893.50/349

Memorandum of Conversation, by the Assistant Chief of the Division of Far Eastern Affairs (Vincent)40

Mr. Chang41 invited me to call on him at the Mayflower Hotel where he had very recently arrived from China. He and I were good personal friends during my stay in Chungking.

Mr. Chang described at some length his years of connection with the Chinese Government and with the Bank of China and his services with the Kuomintang. He had been opposed to the Banjs of China becoming a government institution and had ceased to be head of the Bank as a protest against Dr. Kung’s and Dr. Soong’s plans for bringing the Bank more or less under Government control.

[Page 874]

His resignation last year as Minister of Communications was due to a desire to take a needed rest for health reasons but I gather that he was not in accord with plans for communications development.

He is in the United States officially as an Adviser to the Executive Yuan. He has, however, a personal commission from President Chiang Kai-shek to investigate and report to President Chiang in regard to American collaboration in post-war reconstruction in China. His explorations will follow in general three lines: American financial and material support for Chinese Government plans for reconstruction; collaboration between private American and Chinese interests in the development of China; and development of Chinese-American foreign trade. He feels strongly that there is an opportunity outside of the Chinese Government’s plans, for American and Chinese businessmen to get together on a mutually profitable basis for the development of China.

We talked for some time with regard to the form and line that Chinese industrial development should take. I pointed out the need for a coordinated plan for Chinese development (at present each Ministry and special organization of the Government has its own scheme for development). I also mentioned the need that reconstruction enterprises be directly related to China’s economic situation; that China had an agrarian economy and that any industrial development that did not take this fact into consideration would be unsound. I also said that, in so far as possible, industrial enterprises should be self-liquidating. I said that these were phases of the matter in which I had found Americans interested.

Mr. Chang readily agreed. He said that it was along these broad lines that he expected to conduct his conversations in America. He admitted that there was too much talk now of the development of heavy industries; that greater emphasis should be placed upon raising the income of the agricultural population and on the development of light industries to supply consumers goods to the Chinese people. He said that he was not here to ask the American Government or American businessmen to “give” China something; that he was here to develop the thought that close economic association between China and the United States could prove beneficial to the peoples of both nations.
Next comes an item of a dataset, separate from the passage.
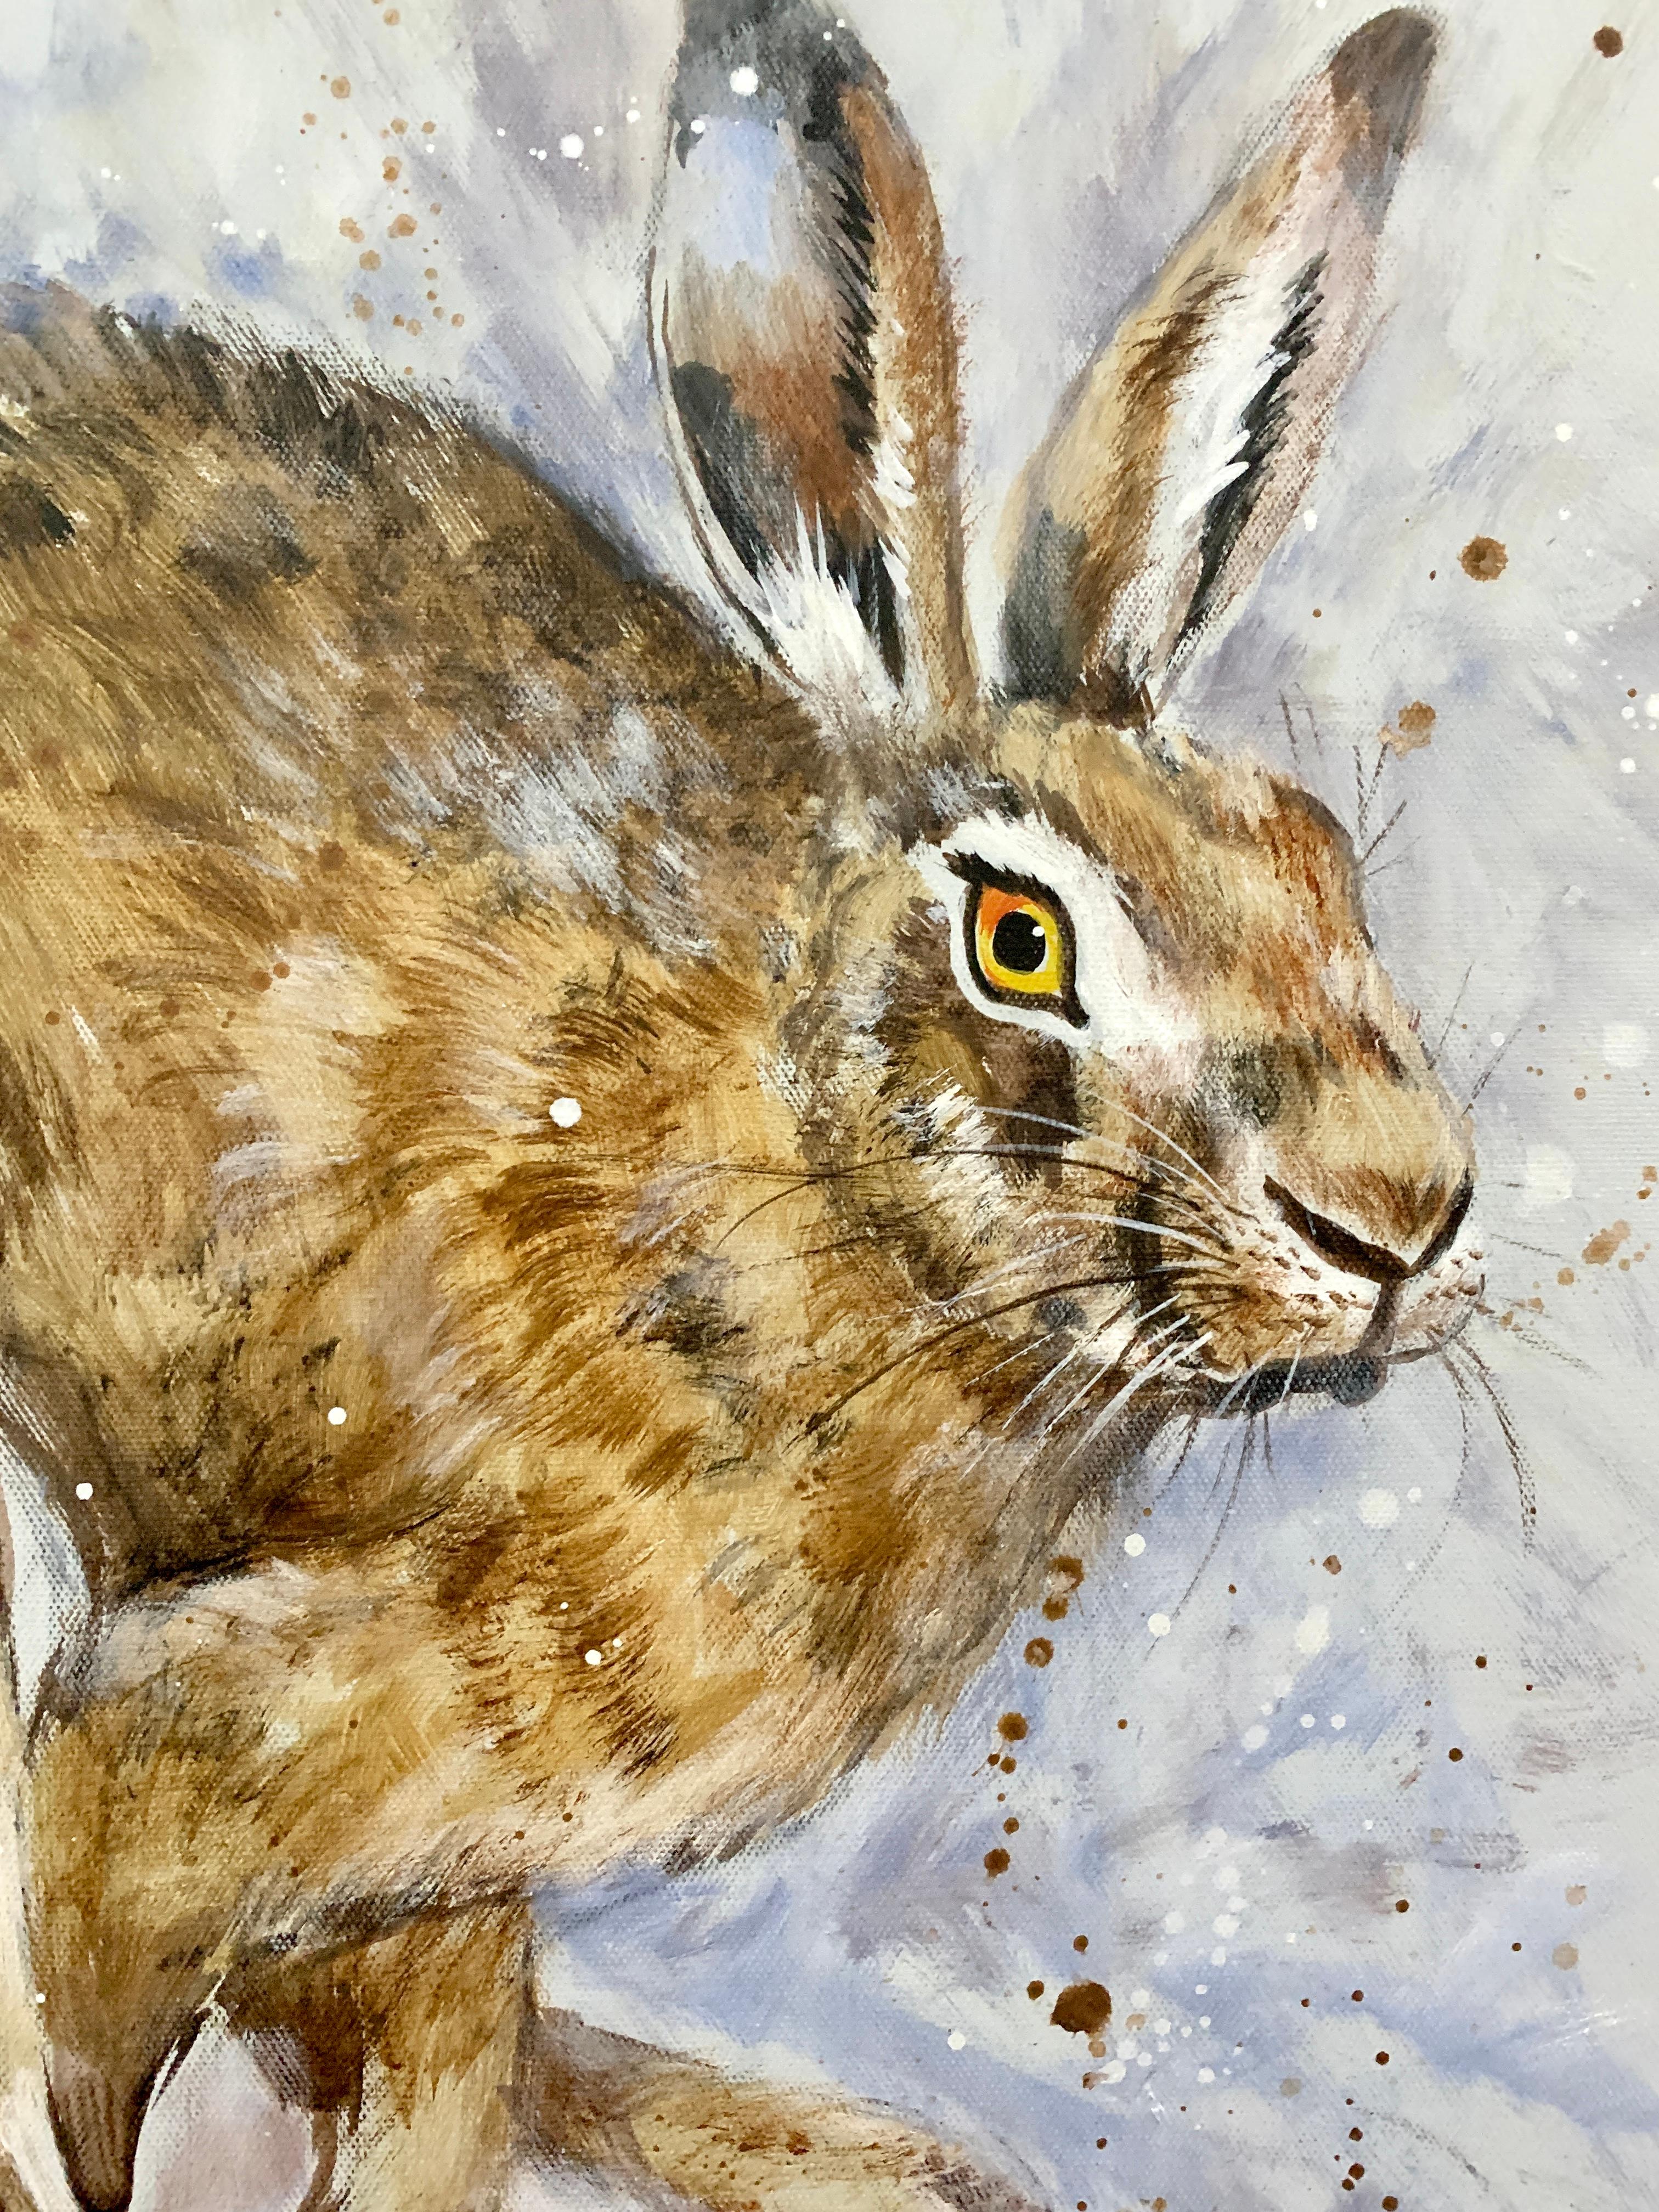 20th century English, fun oil on canvas portrait of a running or jumping Hare - Painting by Ryan

Dr. Chang said that he was going to Boston for a general check up and a rest; that in about a month he would return to Washington at which time he hoped to call on Mr. Hull, Mr. Acheson,42 Mr. Morgenthau and Mr. Harry White.43 He said that President Chiang had suggested that he make these calls. Afterwards he intends to discuss [Page 875] with American officials and businessmen his ideas for post-war economic collaboration between China and the United States.

Note: Mr. Chang is generally looked upon in China as a man of sound judgement. He is conservative in politics and business. I doubt that he is in position to speak with much authority in so far as Chinese Government interests are concerned but he does represent a typical Chinese businessman-banker’s point of view and in that respect it may be useful to hear what he has to say. He expects to be in America about one year.

  1. Initialed by the Chief of the Division (Ballantine).
  2. Chang Kia-ngau, former Chinese Minister of Communications and head of the Bank of China.
  3. Dean G. Acheson, Assistant Secretary of State.
  4. Harry Dexter White, Assistant to the Secretary of the Treasury (Morgenthau).